Form 17: Push Down and Stand on Right Leg
- Land the right toe, rotate the left heel; waist turns slightly to the left, right hand moves to the left axilla.
- Right leg takes a crouch step, right palm threads from chest to abdomen, along the inside of the leg.
- Shift the weight to the right and stand on the right leg. At the same time, move left hand upward in front of the body above the left knee. The right palm is pressed downwards beside the right hip.
Key points:
1) Rotate the feet properly to keep body in the right position and push down smoothly.
2) Know the difference from 40 form.
3) Bend the knee when standing.
4) Keep the body upright.
5) Feel confident.
Form 18: Fair Lady Works at the Shuttle
- Take a left step, pull right foot in, form an empty step and hold a ball.
- Right foot takes a bow step, right arm rotates and blocks up, and left palm pushes out.
- Rotate the right heel, form an empty step and hold a ball.
- Left foot takes a bow step, left arm rotates and blocks up, right palm pushes out.
Key points:
1) Perform bow step on a slight angle;
2) The hand blocks up slightly higher than the forehead
Form 19: Needle at the Bottom of the Sea
- Take a half step forward, raise both hands.
- Brush the left knee and needle the right hand downwards and forwards.
Key points:
- Thrust the right palm rather than a move with a ‘chopping’ action
Form 20: Push Through the Back
Raise hands and turn body slightly to the right. Left foot takes a bow step forward. At the same time, the right palm blocks up and the left palm pushes forward.
Key points:
- Pushing palm, blocking and forming a bow step are completed as a coordinated movement.

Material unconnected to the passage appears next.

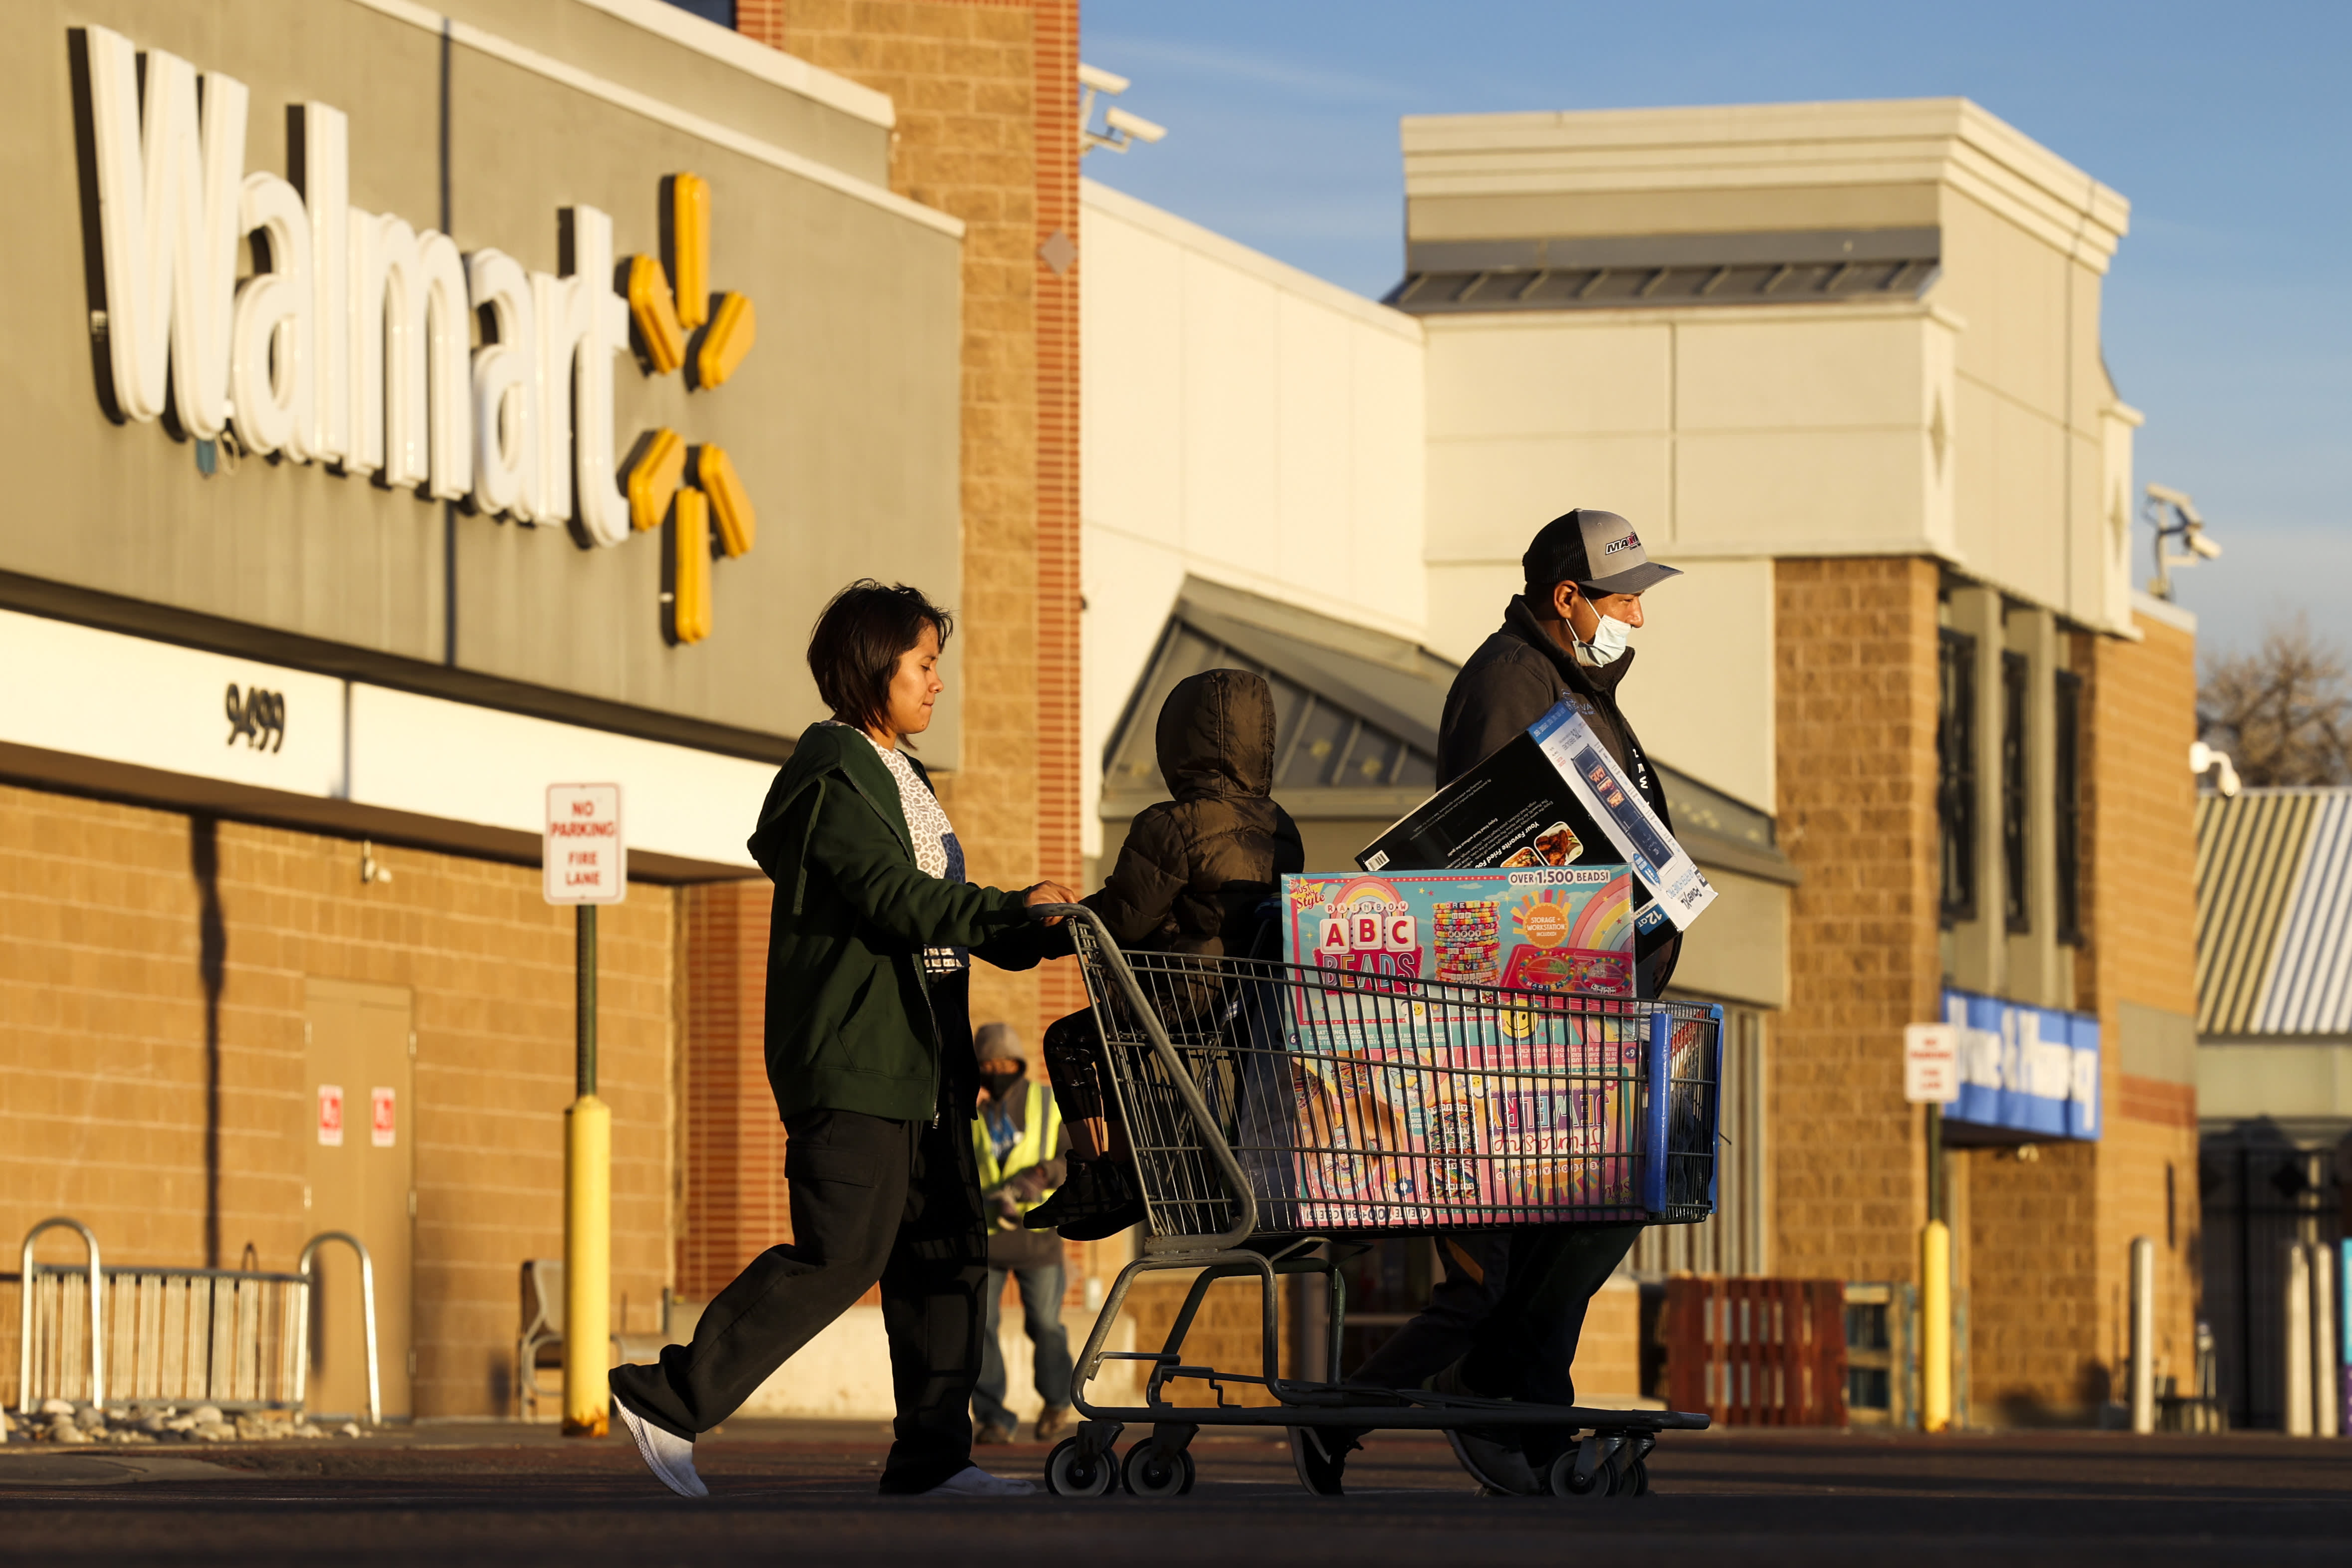 Retail sales dropped 1.9% in December as higher prices caused consumers to curb spending

Form 21: Turn Body, Deflect, Parry and Punch
- Rotate the left heel, turn body, right fist moves out through the axilla and at the same time the right foot take a step forward.
- The left foot takes a step forward with the left hand doing a parry; and then the right fist punches forward.
Key points:
1) Keep body upright and natural.
2) Footwork should be light and smooth.
3) Know the difference between 24 Form and 40 Form.
Form 22: Apparent Close-Up
- Left hand moves under the right arm and then both hands pull inward and downward.
- Then press both hands upward and forward
Key points:
1) Avoid pulling or pushing out in a straight-line movement.
2) Know the difference between 24 Form and 40 Form.
Form 23: Cross Hands
- Rotate the left heel, rotate the right heel, open the arms and separate the hands.
- Cross the hands in front of the chest.
- Press both hands downward gently until they rest beside the hips.
Key points:
1) Collect the Qi back into the body and then guide the Qi down to Dantian.
2) Know the difference between 24 Form and 40 Form.
3) It’s important to finish properly so that you feel good when you complete the form.
Form 24: Closing form
Put feet together and gently put hands along the thighs.
Key points:
- Feel relaxed, peaceful and energetic.
As you see, modern life builds up tension. Tai Chi can help you relax and release tension. Our goal is to feel relaxed not only while practicing, but to also build up a habit and use Tai chi philosophy in our daily life. This is the reason why our association is called “Tai Chi Life”.
- We’re almost at the end of our class. We hope that this lesson can help you open the door of the Tai Chi treasure house. Please keep learning and exploring so that you can get more benefits from your future practice.